South Kurdistan remains naturally dependent on the Iraqi State, but due to the weakness of the State, it functions de facto as an independent State. Kirkuk, meanwhile, is currently the province of Iraq, but half of its population is Kurdish, and regions with a large Kurdish population are allowed to hold such referendums under the Iraqi Constitution drafted in 2005. Twenty-six of the 41 members of the Kirkuk House voted to hold a referendum, according to News. La Vanguardia explains that both decisions have caused a complaint from the Iraqi rulers.

On April 2, Rudaw announced that the government of South Kurdistan had decided to hold a referendum. The independence referendum is the result of changes in the political map of South Kurdistan in recent years. Bipartisanship has ruled there over the years, but the 2009 Gorran (Change) party has emerged and entered strongly into the institutions. This has forced the traditional parties to move, for example, to take on one of Gorran’s demands, the independence referendum.

Movements in Kirkuk

Kirkuk also announced the referendum in early April. They are a province north of Baghdad and a city of the same name, and it is very rich in oil wells. When the Islamic State offensive reached this city, the Iraqi Army fled and the security forces of South Kurdistan were forced to liberate the neighboring province.

Orange to Kurdish administrative entities (which also control larger areas than that).

 

The decision to hold a referendum has provoked controversy, as the Kirkuk Council decided on 28 March to install a Kurdish flag in public buildings.
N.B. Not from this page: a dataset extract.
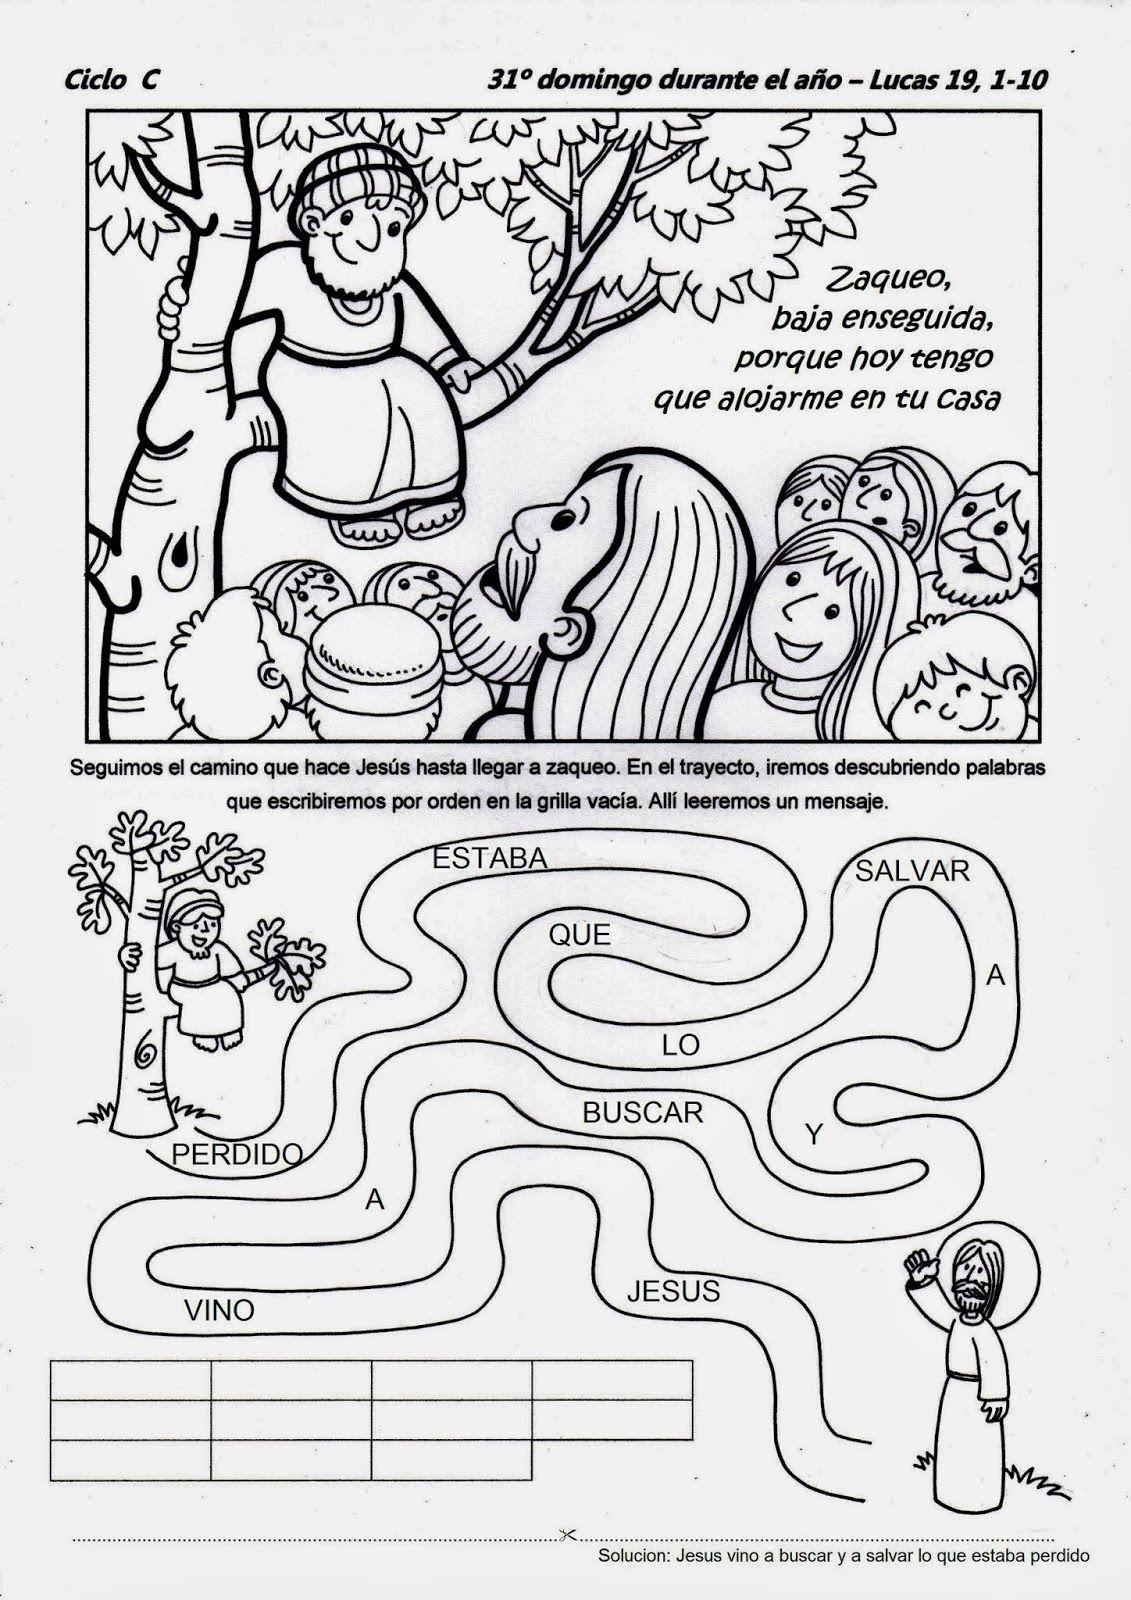 SGBlogosfera. Amigos de Jesús: HISTORIA DE ZAQUEO: ACTIVIDADES ...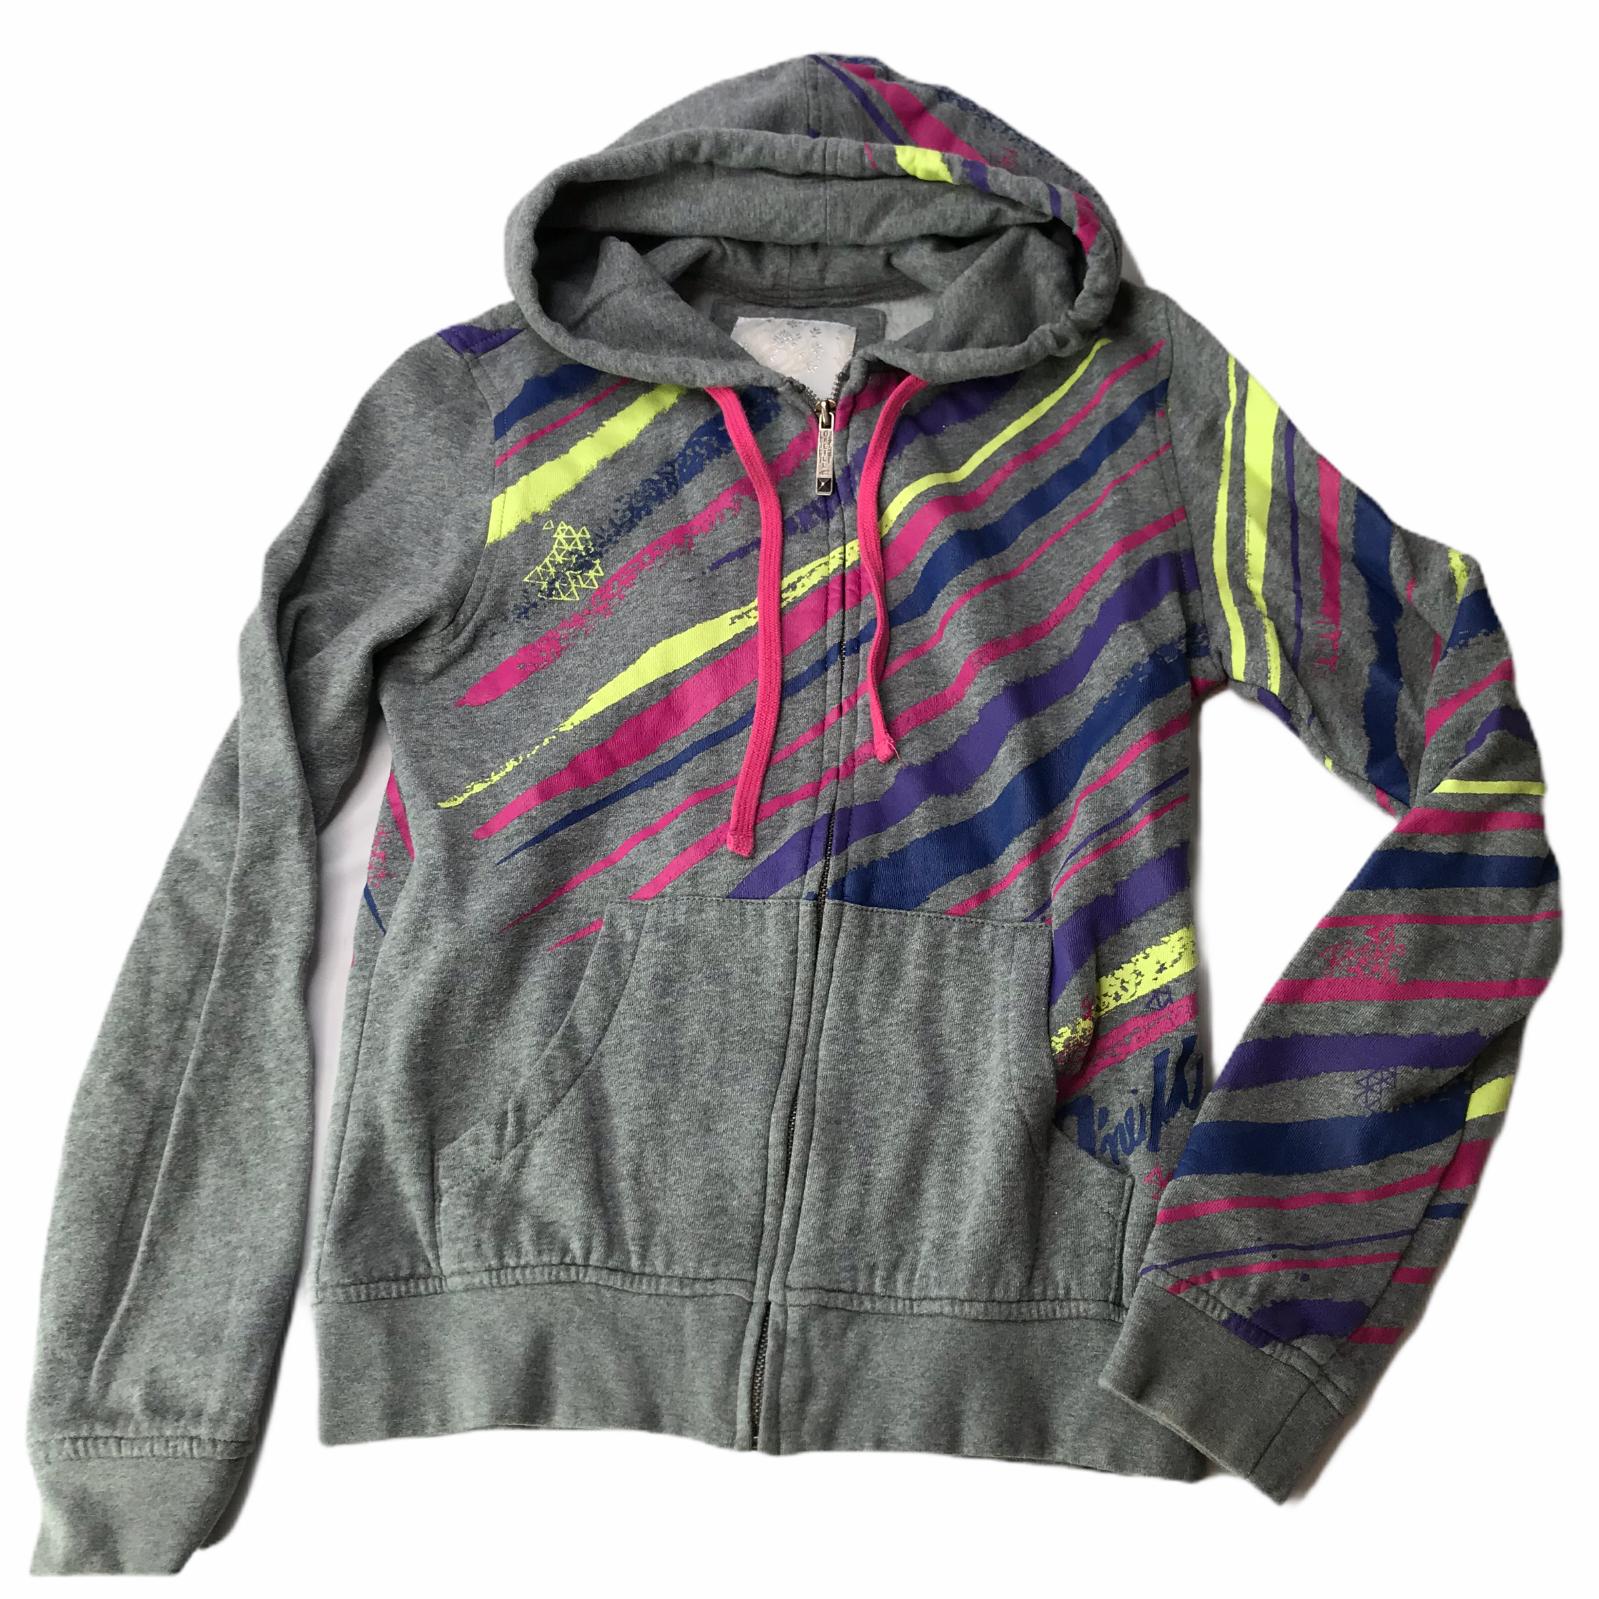 O'Neill Hooded Sweatshirt Hoodie Jacket Full Zip Gray Pink Stripes Small

Both decisions have raised concerns in Iraq and there have also been some international reactions.

Iraqi Prime Minister Haider al-Abadi has called on provincial authorities to remove Kurdish flags; reactions have been received by the Rudaw media. The Turkish President, Recep Tayyip Erdogan, has also done so. “If you don’t remove the Kurdish flag you will pay dearly,” he threatens.

Believing that it will affect the Kurdish conflict under Turkey, Erdogan considers anything that increases the autonomy of the Kurds as a threat. However, while the Kurds of North Kurdistan are at war with Turkey, the authorities of South Kurdistan have good political and economic relations with Erdogan. Moreover, the relationship between those fighting in North Kurdistan and the government of South Kurdistan is quite spinous.

In South Kurdistan, a piece of geopolitics

In the turbulent geopolitics of the Middle East, powers such as the US have taken advantage of the stateless Kurdistan nation’s issue in their own interest. International experts Noam Chomsky and Gilbert Achcar explain that when Iraq was invaded in 2003, the United States began to seek allies within the country to rebuild what had been destroyed at will. Experts say the U.S. is interested in Iraq—and the Middle East—a jugoslabized, segregated into weak entities that can be controlled at will.

The Kurds suffered great oppression under the Jacobinist state of Saddam Hussein, which promoted a single national identity, but at the same time it was an opportunity for them to empower themselves. The leaders of South Kurdistan became representatives of the United States in the newly formed Iraqi Parliament, say Chomsky and Achcar.

Fifteen years of continuous conflict that has combined the invasion, sectarian and geopolitical conflicts, the Islamic State, has left the Iraqi state very weak, and so South Kurdistan has managed to function as an autonomous state. With the support they have received from the United States, they have been able to develop their own state structures; as well as their own army, known as the peshmerga.

'Peshmergen' tanks with Kurdish flags.

 

The fact that the Iraqi Constitution was drafted under U.S. invasion and influence also explains why Kirkuk was given the opportunity to hold a referendum in the text.

In this case, the exercise of the right of self-determination would further weaken the Iraqi state and bring an oil-rich region closer to the U.S. sphere of influence.